Topological surfaces reveal domain-specific gene expression programs
We next set out to utilize the SOMs as a topological map of the differentiation potential of the cells, and to utilize this map to discover the underlying organization of gene expression that explains the domains. Regions of high co-regulated genes appear as ‘hotspots’ in the SOM maps (yellow-red; Figure 3B–I), and the C/Ts that make up each domain can be combined into a domain-average SOM (Figure 4B). The SOMs also indicate potential contaminating C/Ts in alternate domains, a phenomenon that manifests as small hotspots of genes in common between two or more domains. For example, small amounts of blood mesoderm character is present in most SOMs (Figure 4B, red arrows), likely reflecting circulating immune cells in almost all tissues of the body.
The maximum depth of all of the domain-average SOMs was used to construct a topological map of the C/T domains (Figure 4C). This surface contains hills and valleys that represent particular domains of gene expression (Figure 4D), somewhat like the islands in the ‘ocean expanses’ between cell fates (32,33), or as ‘attractors’ in the state space of dynamical systems (34), although unlike the Waddington epigenetic model it does not contain any downward slope (35). In this topological map, the attractors are sets of domain-specific genes, and the genes can be extracted by taking all of the domain-specific nodes in the bottom 80% of the SOM (the white regions in Figure 4B, and the colored regions in Figure 4D). The domains had between 393–1040 domain-specific genes (Figure 4E, Supplementary Table S3). In total, there were 5093 domain-specific genes and as genes can be in more than one domain, the total set of unique genes was 4870 (Supplementary Table S3).
Extracting domain-specific gene expression programs from the domain average SOMs
To confirm the role of the domain-specific genes in their respective domains we analyzed the domain-specific genes defined by the SOMs for over-enriched GO terms (Figure 5A). For seven of eight domains we discovered domain-relevant significantly enriched GO terms, specifically, ‘stem cell population maintenance’ (embryonic), ‘spermatogenesis’ (germ cells), ‘skin development’ (surface ectoderm), ‘synaptic transmission’ (neurectoderm), ‘angiogenesis’ (mesoderm), ‘xenobiotic metabolic process’, (endoderm, i.e. liver/intestine function), and ‘regulation of immune response’ (blood mesoderm). For the remaining neural crest domain a relevant term was less obvious and only ‘morphogenesis of an epithelium’ is suggestive of the epithelial to mesenchymal transitions that are critical for the formation of this domain during development (36).
Figure 5.
Validation of the domain-specific genes. (A) Significantly enriched ‘Biological Process (BP)’ gene ontology (GO) terms for all of the genes in each domain. Only the top 10 GO terms are shown for each domain. (B) GO analysis for all genes identified in any domain-specific SOM. GO terms were used from the ‘molecular function’ category. (C) Percentage of the total number of genes annotated as specific to a domain for various functional categories. The percent is indicated if it is ≥1.0% of the total number of genes in its category. (D) Phenotypes for knockout mice for all domain-specific genes were collected from the Mouse Genome Informatics (MGI) website and scored for a relevant or irrelevant knockout phenotype based upon the affected tissues in the mutant mouse (Supplementary Table S4).

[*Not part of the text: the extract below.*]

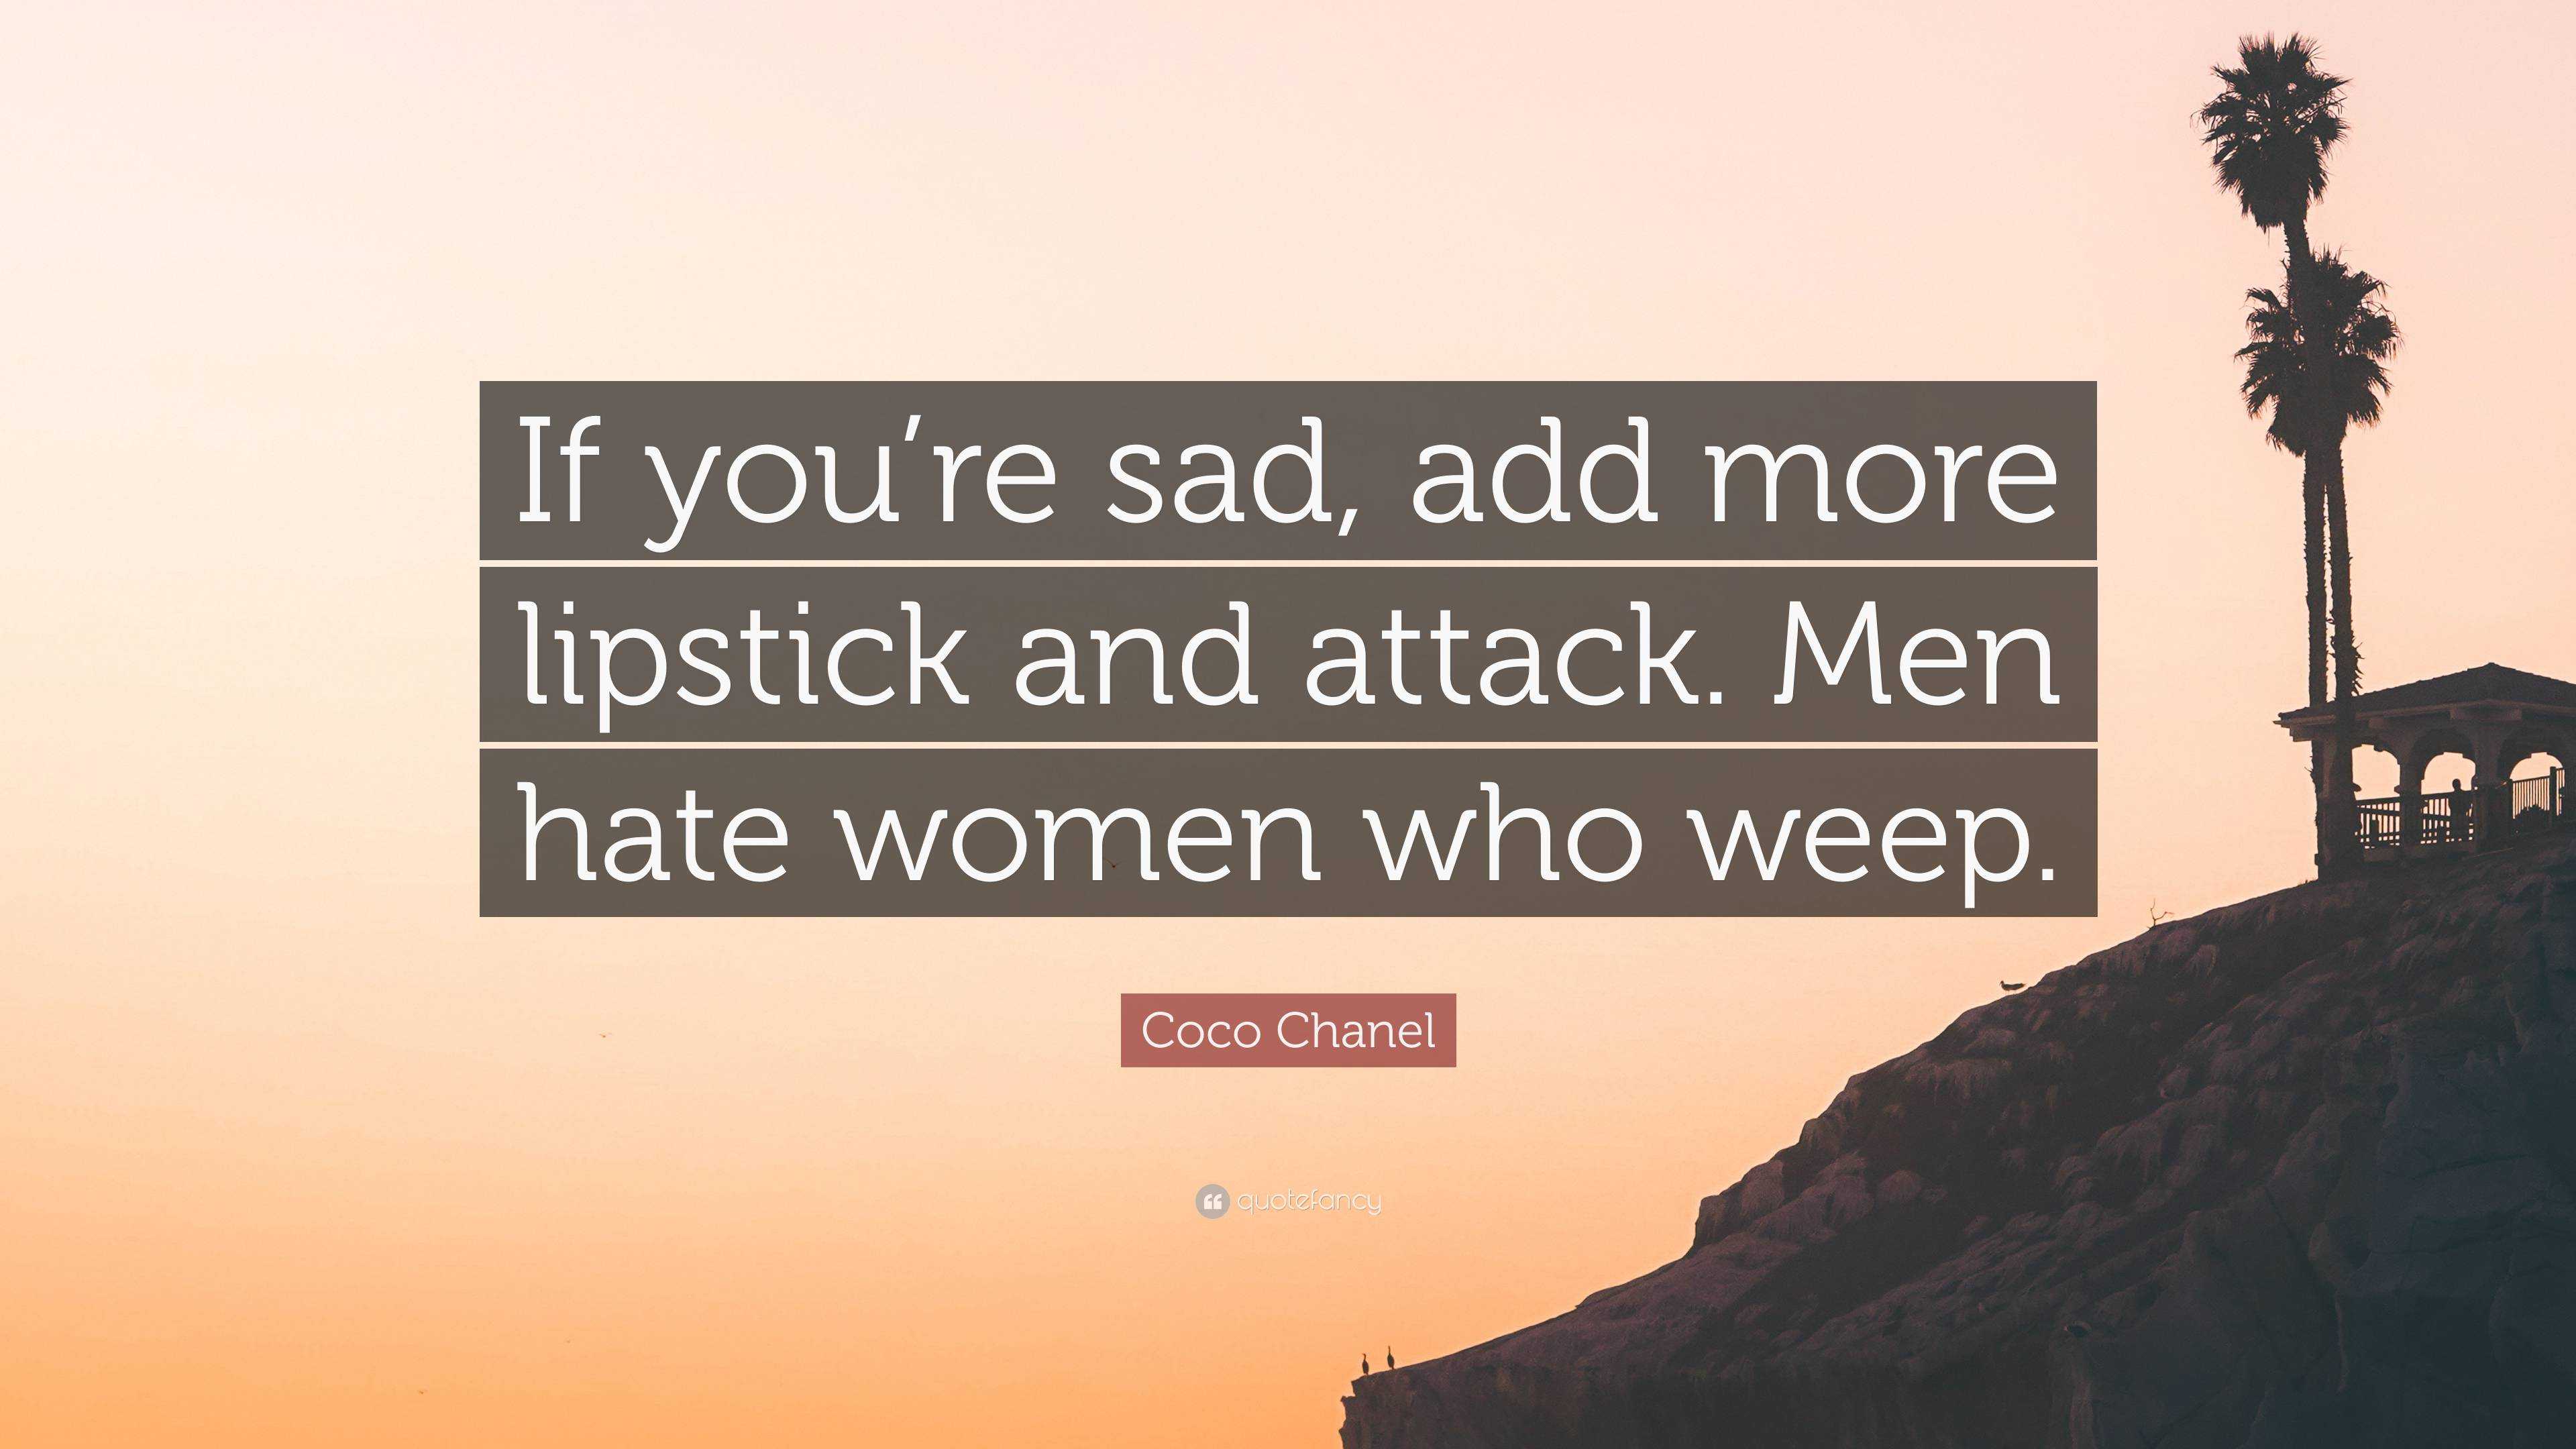 Coco Chanel Quote: “If you're sad, add more lipstick and attack

Each domain contains many different types of gene with diverse biological function, GO analysis using the ‘molecular function’ category revealed that the cell surface molecules are important components of the domain-specific genes (Figure 5B), in agreement with other reports that gene products localizing to the cell surface are C/T-specific (37,38). The GO analysis also revealed the presence of sequence-specific transcription factors as a major class of domain-specific genes (Figure 5B). To explore this in more detail, we collected various types of regulatory genes and measured what percentage of the total class of genes is specific to a domain (Figure 5C). This analysis again highlighted the cell surface receptors as major determinants of domain-specific expression, along with transcription factors. Other classes of regulatory molecules seemed less important, with the exception of RNA binding proteins in the neurectoderm and embryonic domains and the ubiquitin ligases in the neurectoderm and germ cells (Figure 5C). This domain-specific enrichment of different classes of regulatory molecules hints at differences in developmental control, such as cell autonomous embryonic development, driven by TFs, versus the co-operative action of adult tissues, driven by cell–cell communication. The domain-specific TFs were then scored for a relevant or irrelevant mouse knockout (i.e. does the mouse knockout cause a relevant phenotype in appropriate domain-related tissues?), and, as a control, the genes from one domain were scored as if they were relevant in an alternate domain, to estimate the approximate number of matching phenotypes expected by chance alone (Supplementary Table S4). For all domains, >40% of the TFs showed a relevant domain-specific mouse knockout phenotype (Figure 5D), whilst phenotypes by chance alone were <40%. Interestingly, the TFs in the embryonic domain also showed an increased likelihood of an embryonic lethal mouse knockout phenotype (Figure 5D), supporting their involvement in embryonic development, although as embryonic lethal mouse phenotypes are potentially easier to observe this may bias their increased likelihood. This analysis indicated that these TFs are relevant to their specific domain and so comprise a regulatory module that helps determine the overall domain-specific gene expression program.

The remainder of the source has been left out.